🤖 AI Summary
Current pitch curve generators suffer from two key limitations: (1) difficulty in modeling singer-specific expressivity, and (2) task-specific design—e.g., for pitch correction or singing voice synthesis—resulting in poor generalizability. This paper introduces the first cross-task transferable framework for universal pitch curve generation. It implicitly learns vocal style from reference audio while preserving melodic alignment, enabling high-fidelity stylistic modeling. Our method builds upon a modified flow-matching architecture, conditioned jointly on symbolic musical scores and pitch-context features, to generate stylistic pitch curves end-to-end. Experiments demonstrate that our model significantly outperforms baselines in style similarity and audio naturalness, with marked improvements in subjective evaluation, while maintaining pitch accuracy comparable to task-specialized models.
📝 Abstract
Existing pitch curve generators face two main challenges: they often neglect singer-specific expressiveness, reducing their ability to capture individual singing styles. And they are typically developed as auxiliary modules for specific tasks such as pitch correction, singing voice synthesis, or voice conversion, which restricts their generalization capability.

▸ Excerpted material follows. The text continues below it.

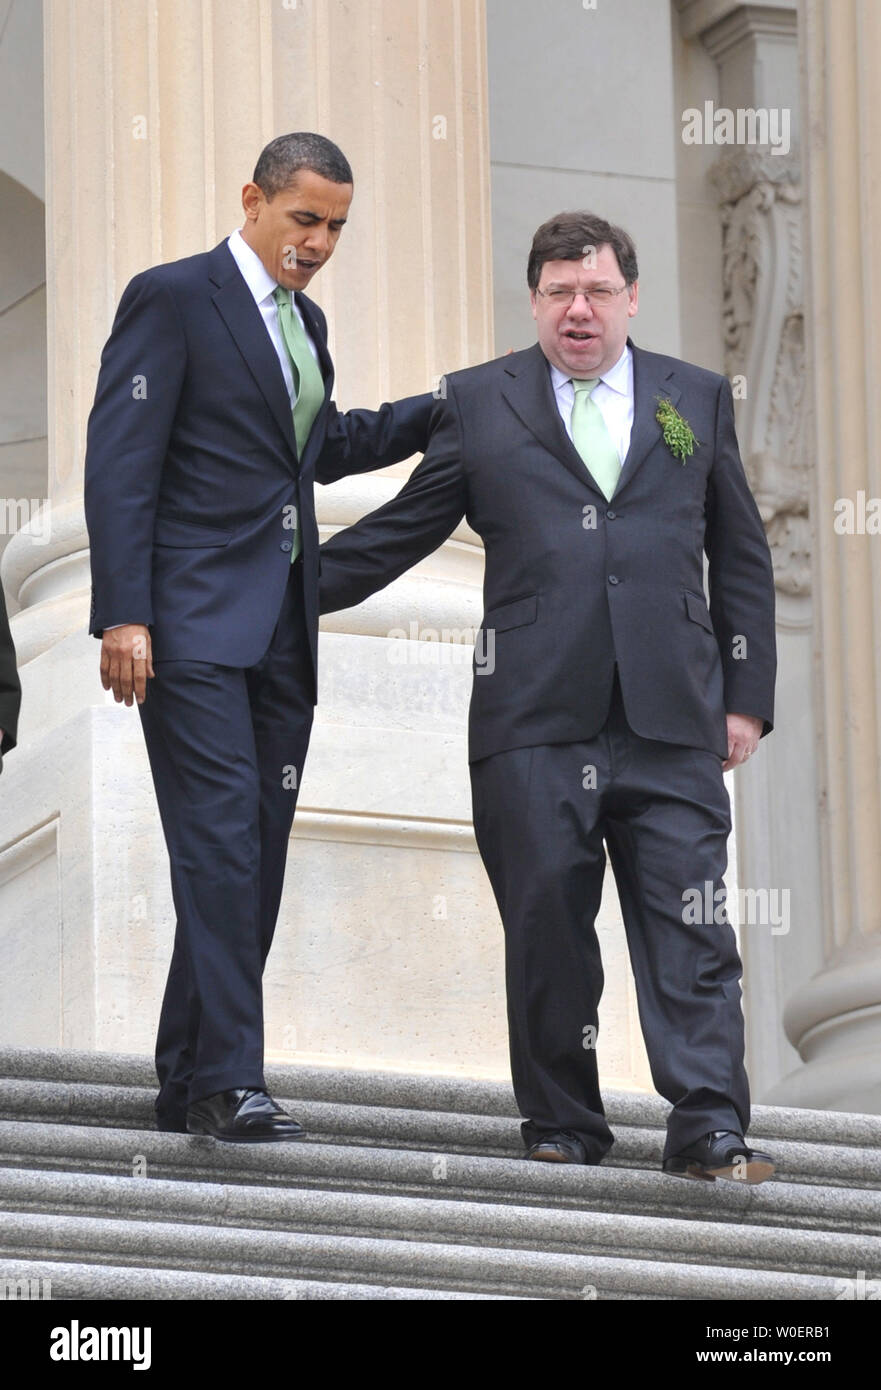 U.S. President Barack Obama (L) walks with the Irish Taoiseach Brian Cowen after a St. Patrick's Day Luncheon, hosted by Speaker of the House Nancy Pelsoi, on Capitol Hill in Washington on March 17, 2009. (UPI Photo/Kevin Dietsch) Stock Photo

We propose StylePitcher, a general-purpose pitch curve generator that learns singer style from reference audio while preserving alignment with the intended melody. Built upon a rectified flow matching architecture, StylePitcher flexibly incorporates symbolic music scores and pitch context as conditions for generation, and can seamlessly adapt to diverse singing tasks without retraining. Objective and subjective evaluations across various singing tasks demonstrate that StylePitcher improves style similarity and audio quality while maintaining pitch accuracy comparable to task-specific baselines.